Penelope Cruz incarne une prostituée mythomane dans le prochain Woody Allen, le seul film qui vaut la peine d'être vu cet été. Interviewée par L'Express, l'actrice espagnole rigole: "Jouer la putain me va plutôt bien, non? Je plaisante... Enfin, oui mais non. Anna est un imposteur, une femme loufoque qui se déguise et glisse d'une personnalité à l'autre... C'est une sorte de Zelig, qui a un côté délirant, kitsch et drôle, mais aussi d'immenses failles en elle."

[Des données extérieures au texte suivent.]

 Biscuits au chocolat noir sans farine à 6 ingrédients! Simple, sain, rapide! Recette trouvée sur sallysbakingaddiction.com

"Ce rôle résonne en moi parce qu'il révèle des facettes abruptes, terriblement vraies et, en même temps, si oniriques", confie la muse de Pedro Almodovar, qui s'apprête à tourner avec lui une cinquième fois. "Et parce que j'ai déjà interprété des prostituées au cinéma. D'ailleurs, en me présentant le scénario, Woody m'a dit: "Vous êtes sidérante en putain!" Comment refuser quelque chose à un homme qui regarde à ce point les femmes, toutes les femmes?"
Toujours discrète au sujet de sa vie privée, Penelope évoque tout de même la naissance de son fils, né de son union avec Javier Bardem. "La maternité a tout transformé. De la couleur des fleurs au mouvement du monde. Mon fils, Leonardo, passe avant tout. Désormais, je ne tourne plus qu'un ou deux films par an. Quand je suis loin de lui, je n'ai qu'une pensée: Rapido!"

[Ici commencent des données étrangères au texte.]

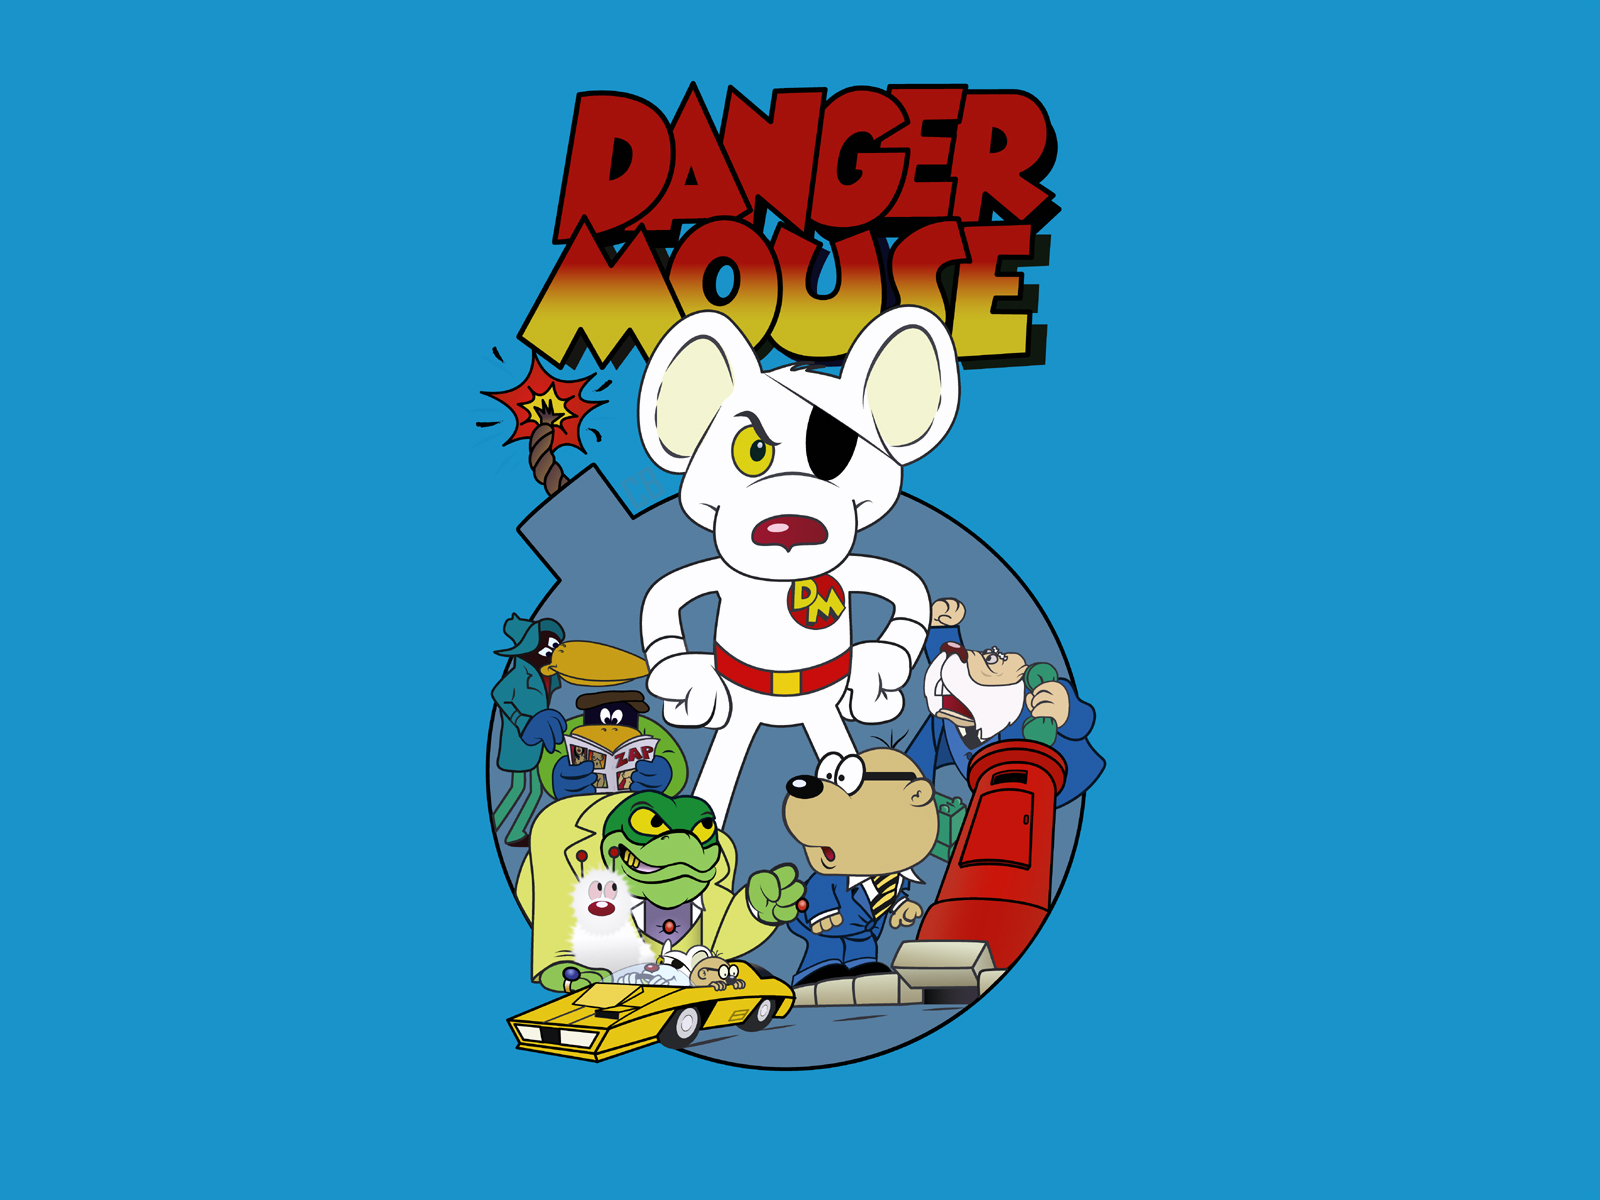 Danger-Mouse-chicken-pop-pod-2172726-1600-1200.jpg

Loin des paillettes d'Hollywood, la comédienne tient à sa vie madrilène. "Sa naissance a aussi déclenché en moi un retour à mes racines. Je passe le plus de temps possible dans mon pays... Je n'ai pas envie d'élever mes enfants à Los Angeles. J'essaie de préserver ma vie privée et ne cours pas après les soirées glamour. Je préfère réunir des amis chez moi, à Madrid, autour d'une table en bois."